We’re curious to learn about some of the common issues users face when working with data. In our Case Study series, we are highlighting projects and organisations who are working with the Frictionless Data specifications and tooling in interesting and innovative ways.

Zegami makes information more visual and accessible, enabling intuitive exploration, search and discovery of large data sets. Zegami combines the power of machine learning and human pattern recognition to reveal hidden insights and new perspectives.

imagesearch image search on Zegami {: .caption}

It provides a more powerful tool for visual data than what’s possible with spreadsheets or typical business intelligence tools. By presenting data within a single field of view, Zegami enables users to easily discover patterns and correlations.
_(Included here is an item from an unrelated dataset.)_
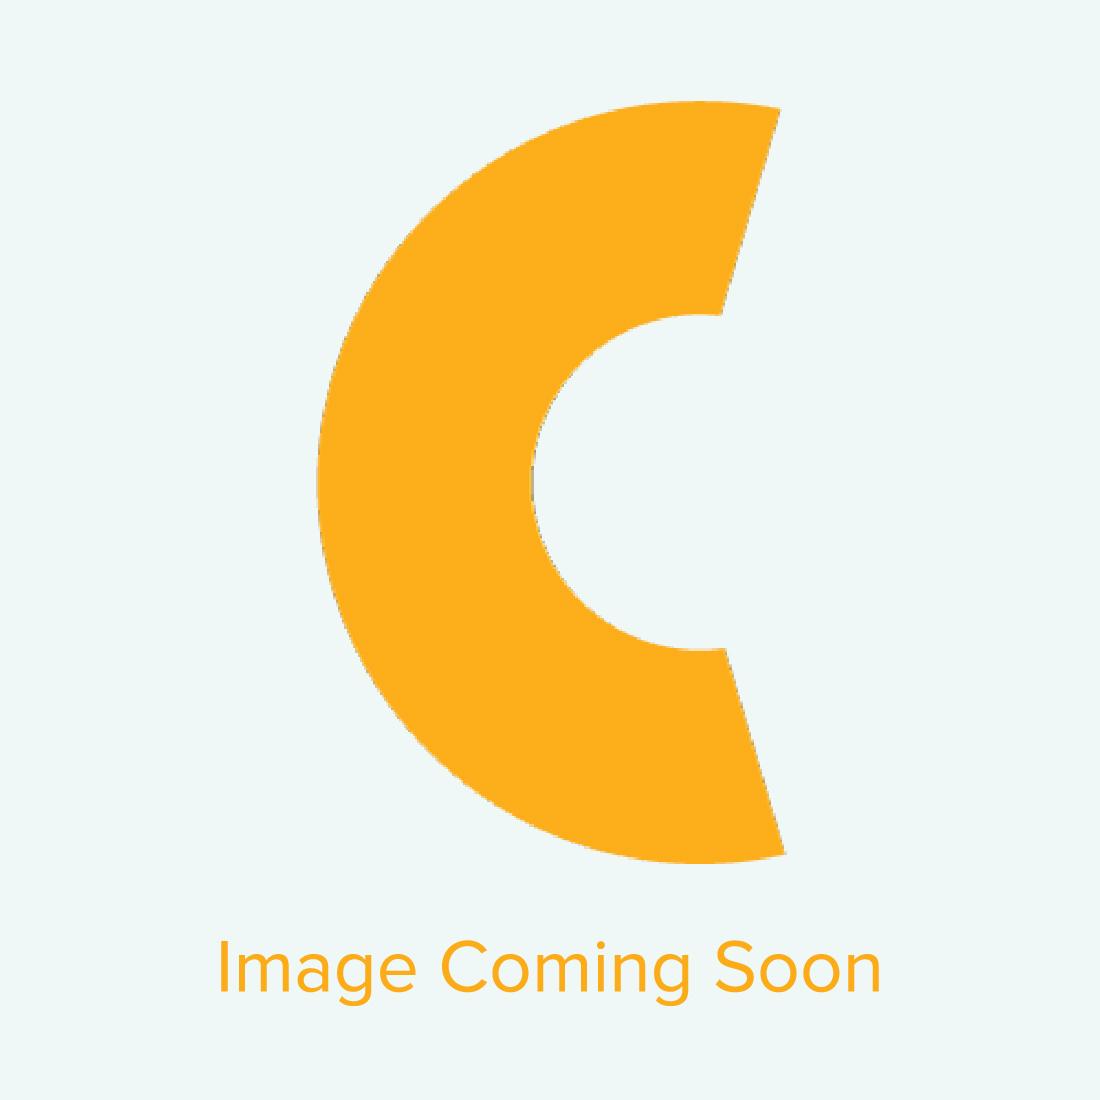 "Graphtec CE LITE-50 20"" Cutting Plotter - OPEN BOX"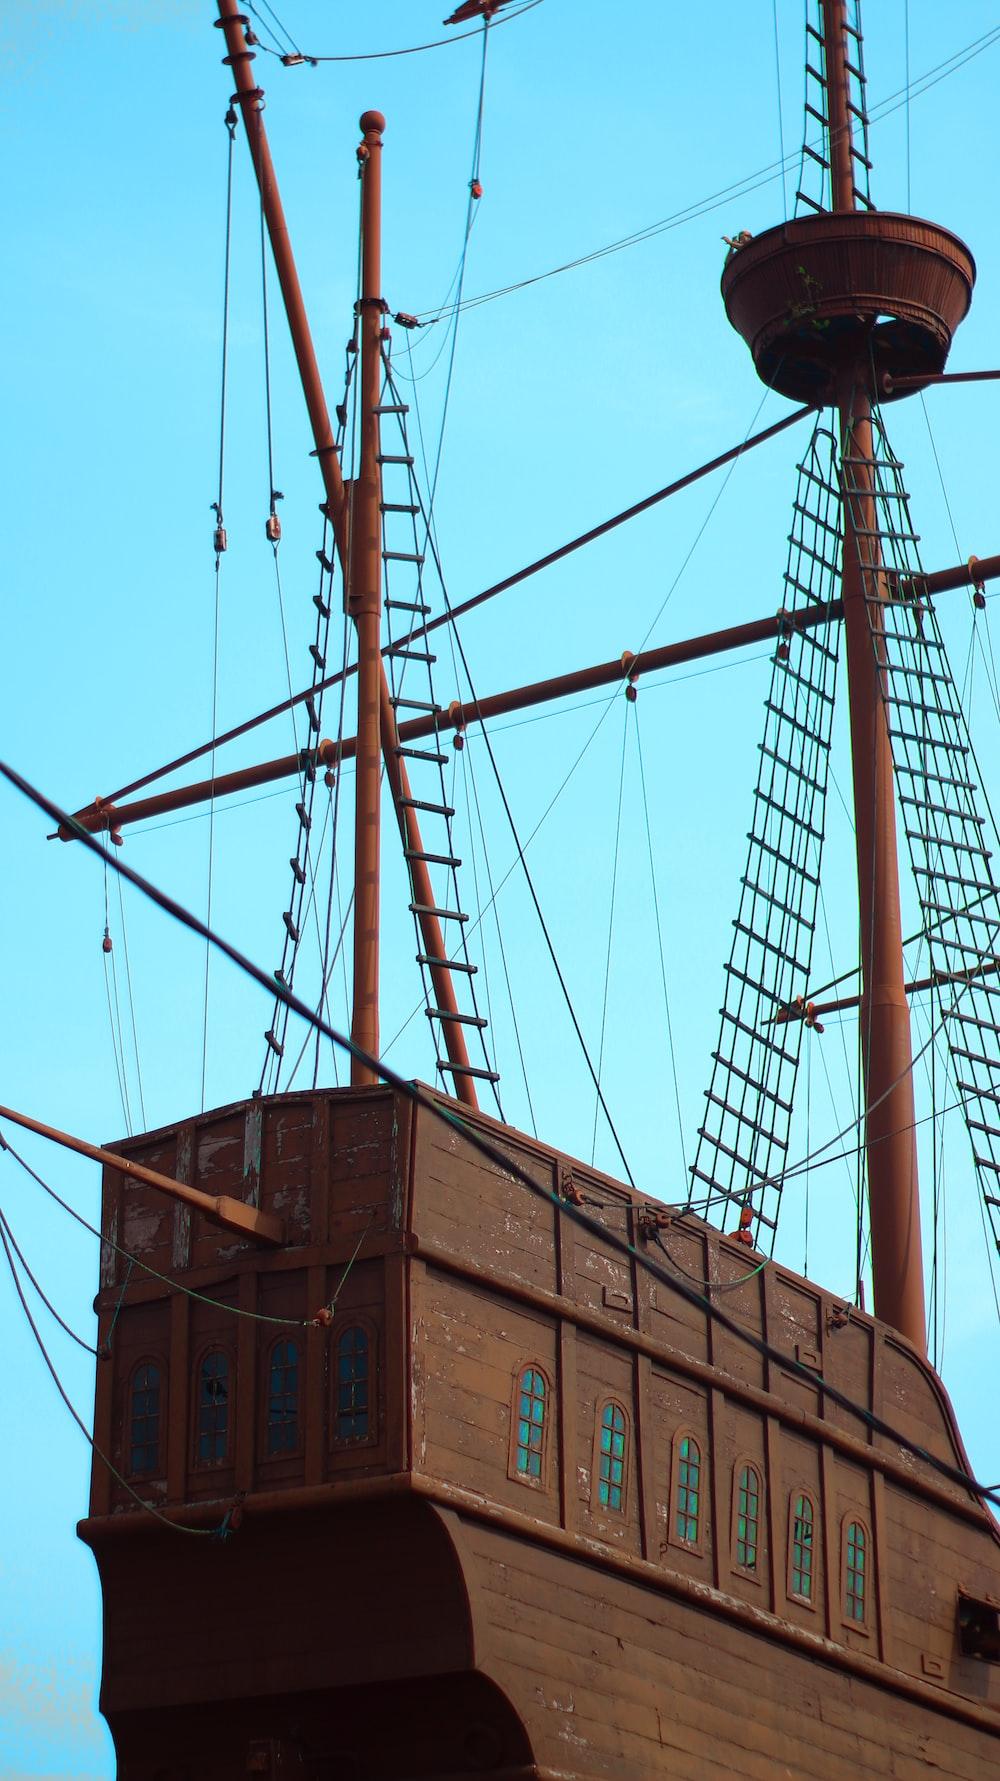 brown ship

Facilitating new insights and discoveries that would otherwise not be possible.

metadatasearch metadata search on Zegami {: .caption}

For Zegami to shine, our users need to be able to easily import their data so they can get actionable insight with minimal fuss. In building an analytics platform we face the unique challenge of having to support a wide variety of data sources and formats. The challenge is compounded by the fact that the data we deal with is rarely clean.

At the onset, we also faced the challenge of how best to store and transmit data between our components and micro-services. In addition to an open, extensible and simple yet powerful data format, we wanted one that can preserve data types and formatting, and be parsed by all the client applications we use, which includes server-side applications, web clients and visualisation frameworks.

We first heard about messytables1 and of the data protocols site (currently Frictionless Data Specifications2) through a lightning talk at EuroSciPy 2015. This meant when we searched for various things around jsontableschema (now tableschema3), we landed on the Frictionless Data project.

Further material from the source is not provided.